━━━━━ Collected data
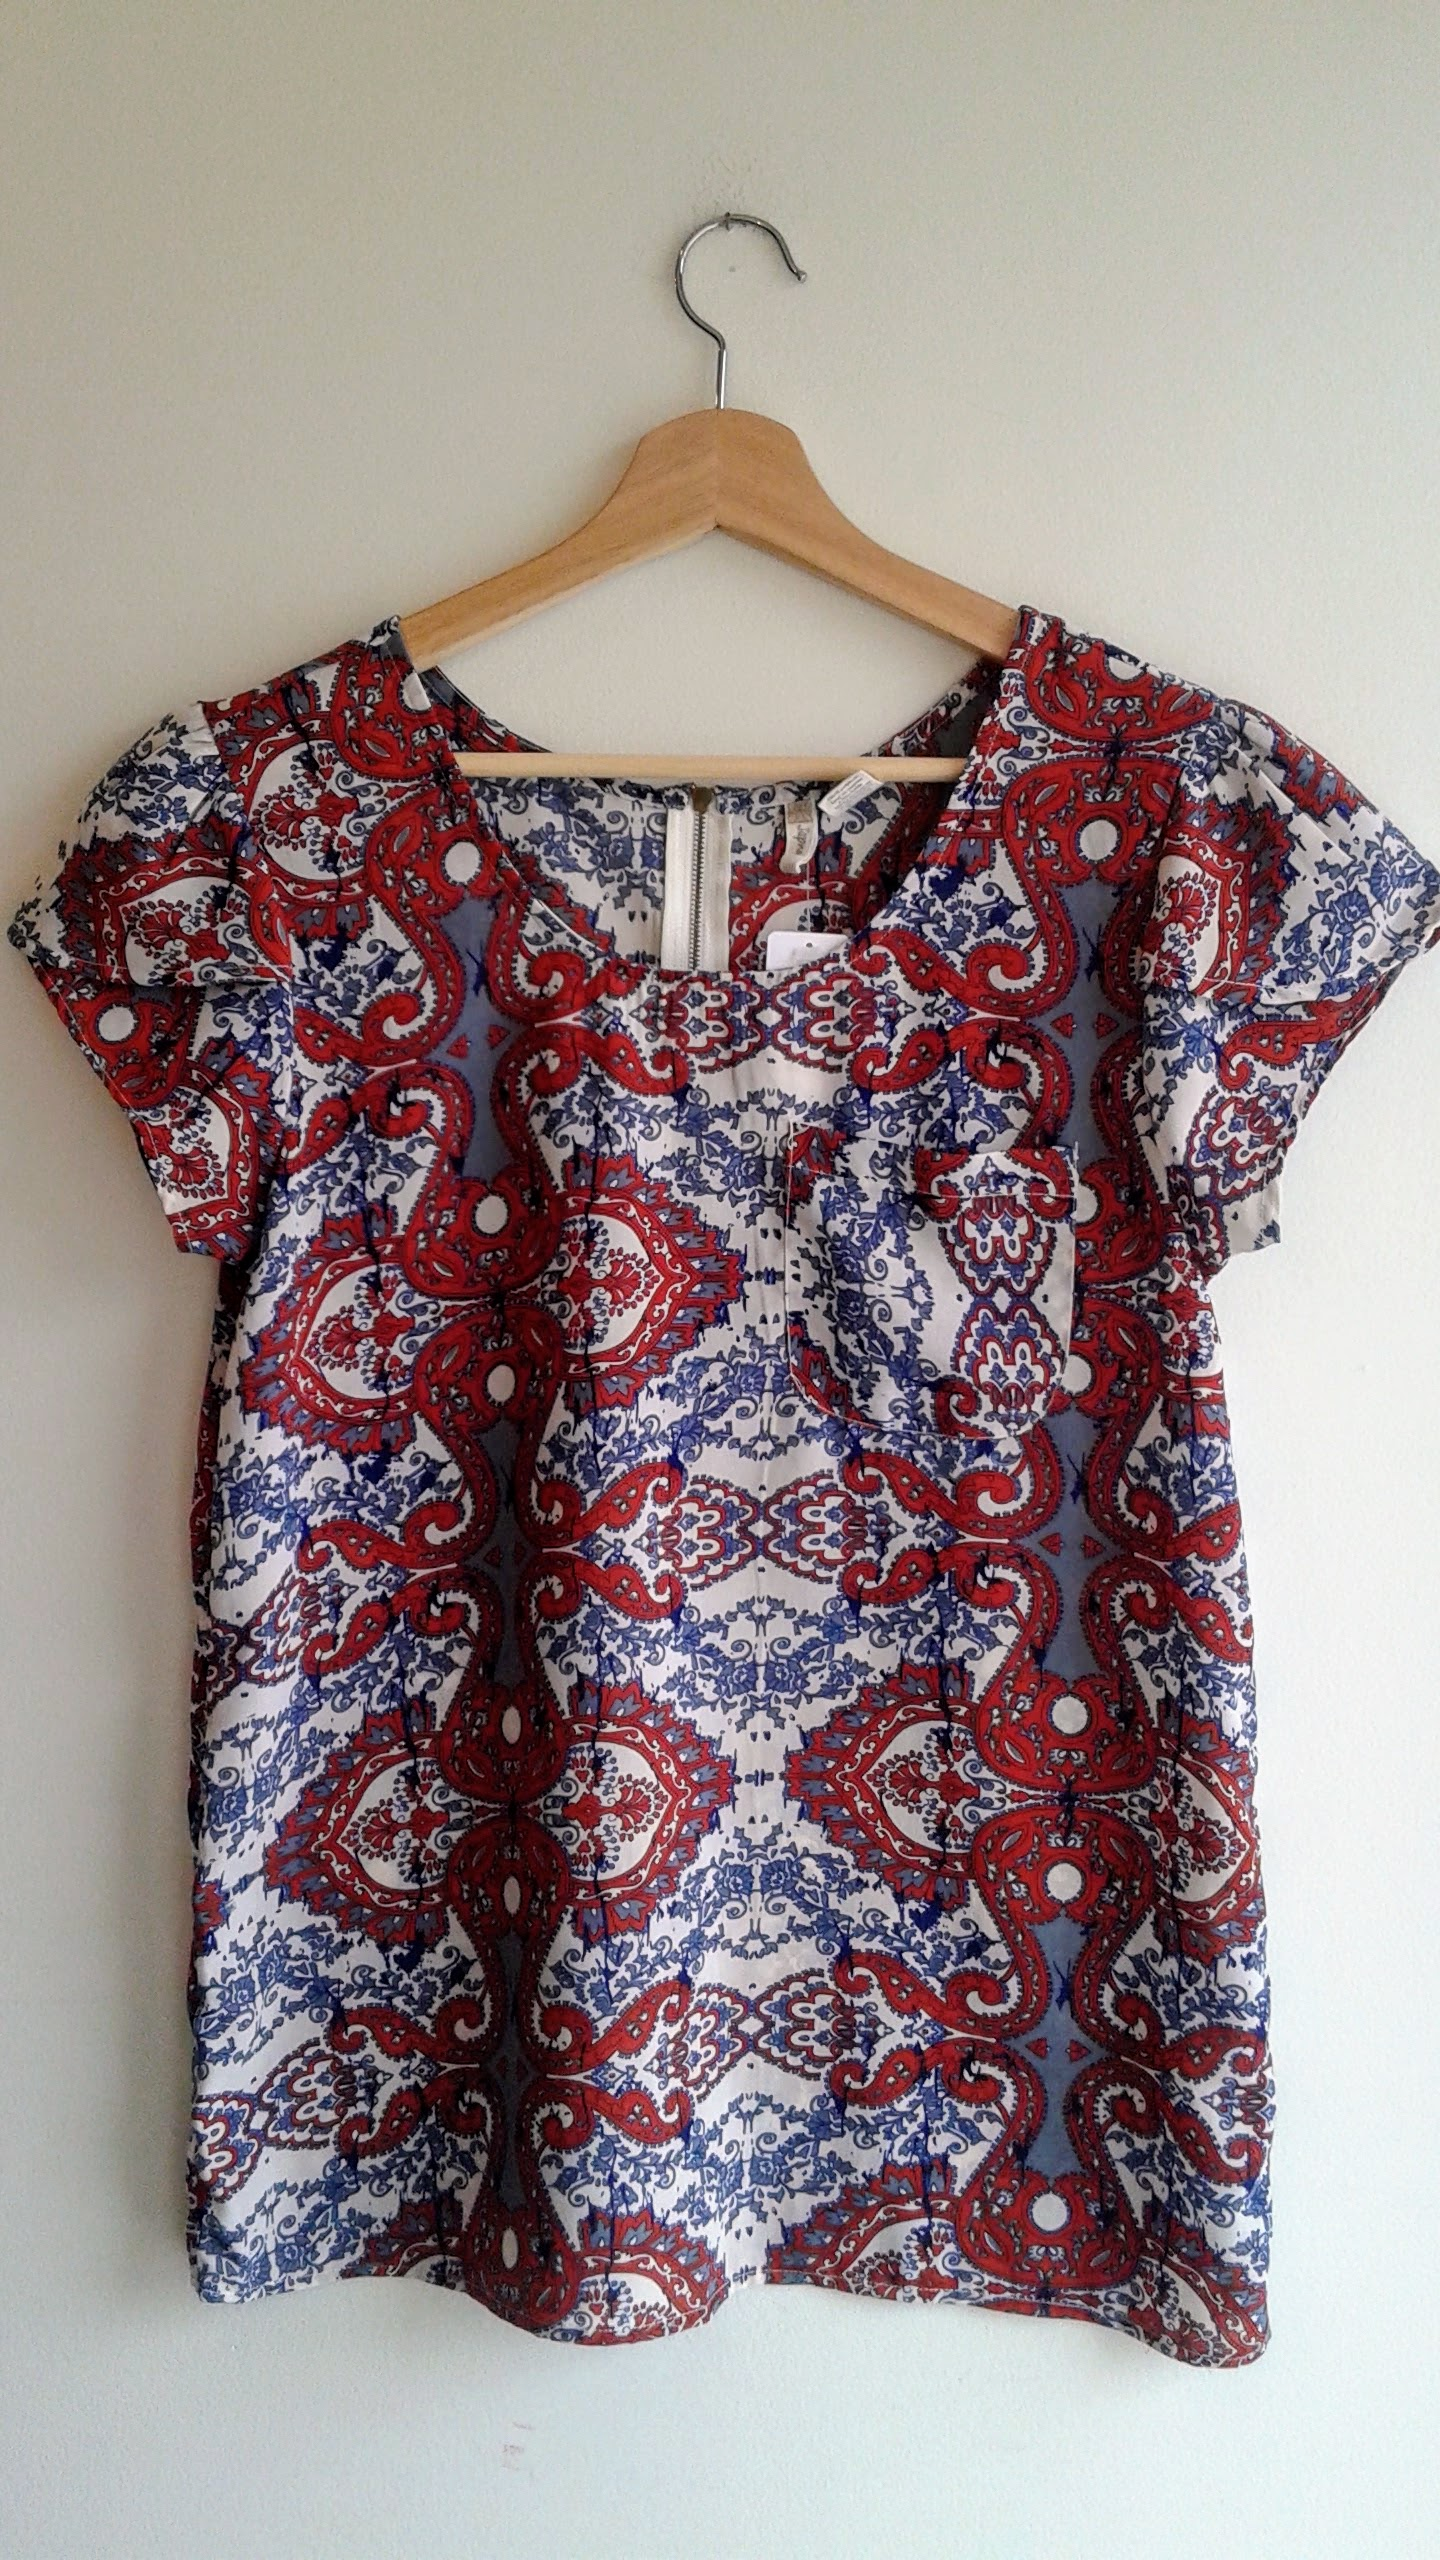 Japna top; Size M, $24
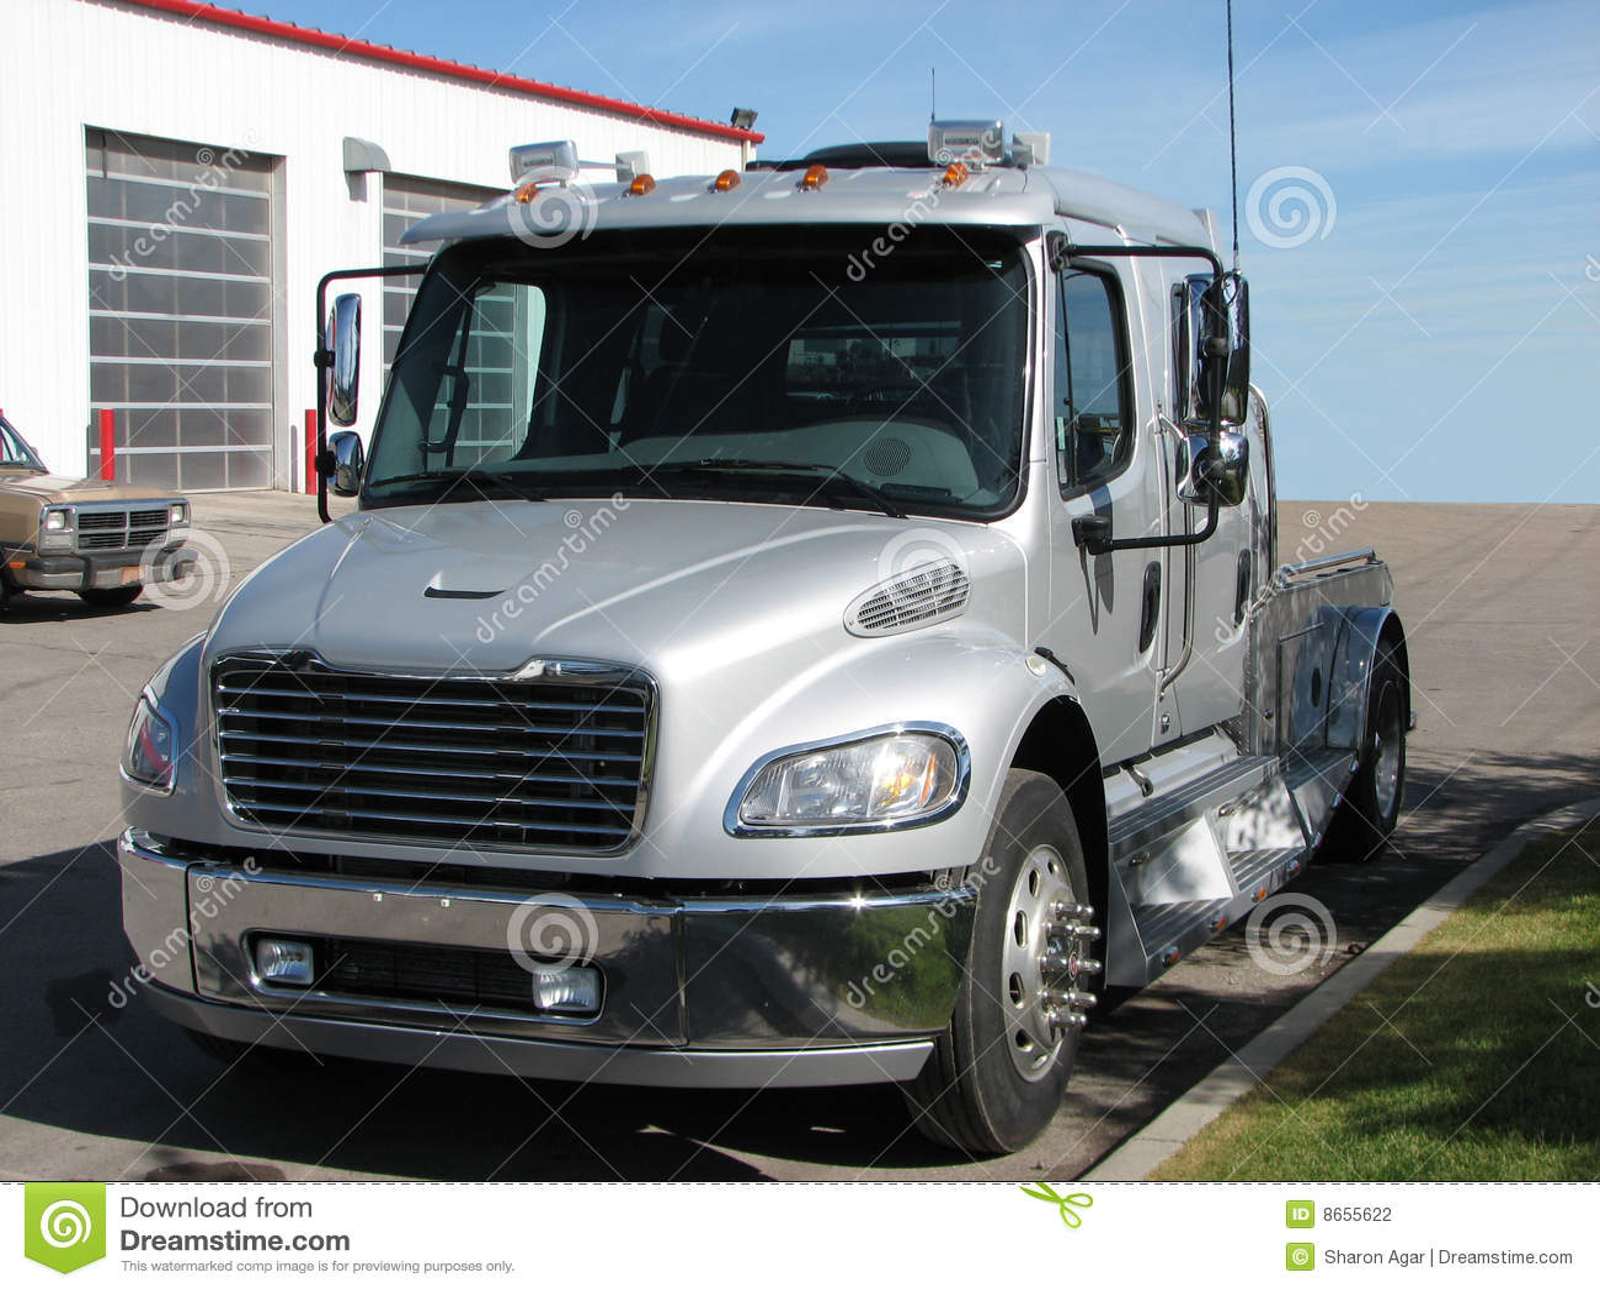 Big Truck Crew Cab 1 Stock Photography - Image: 8655622
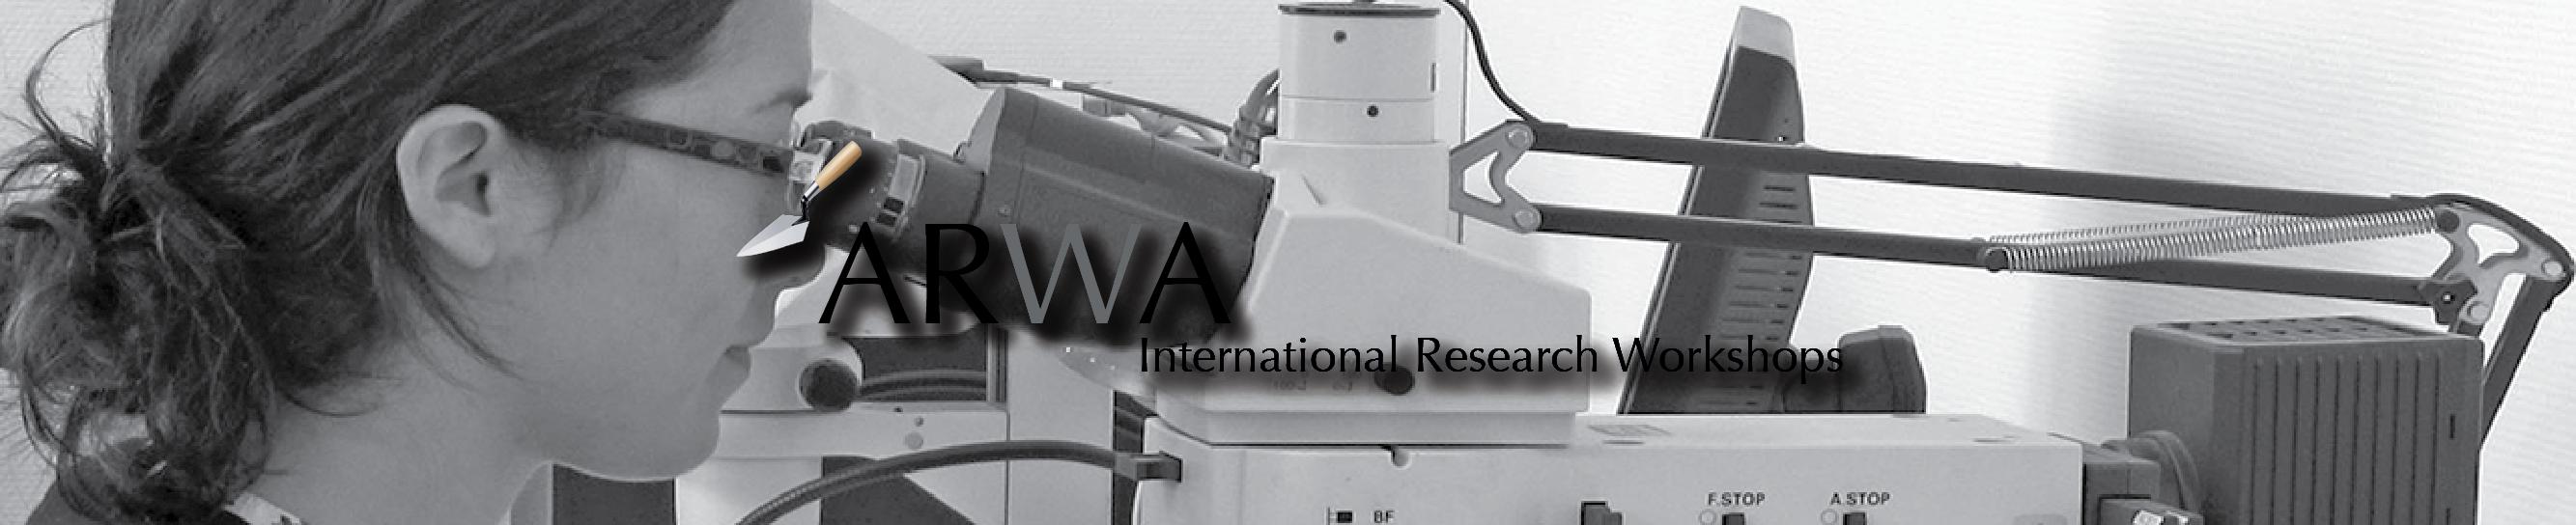 ARWA Research Workshops
━━━━━━━━━━
» **Exercise**: Please print all the data above word for word. Pictures should not appear in the copy.

» **Reply to the task**:
 Japna top; Size M, $24
 Big Truck Crew Cab 1 Stock Photography - Image: 8655622
 ARWA Research Workshops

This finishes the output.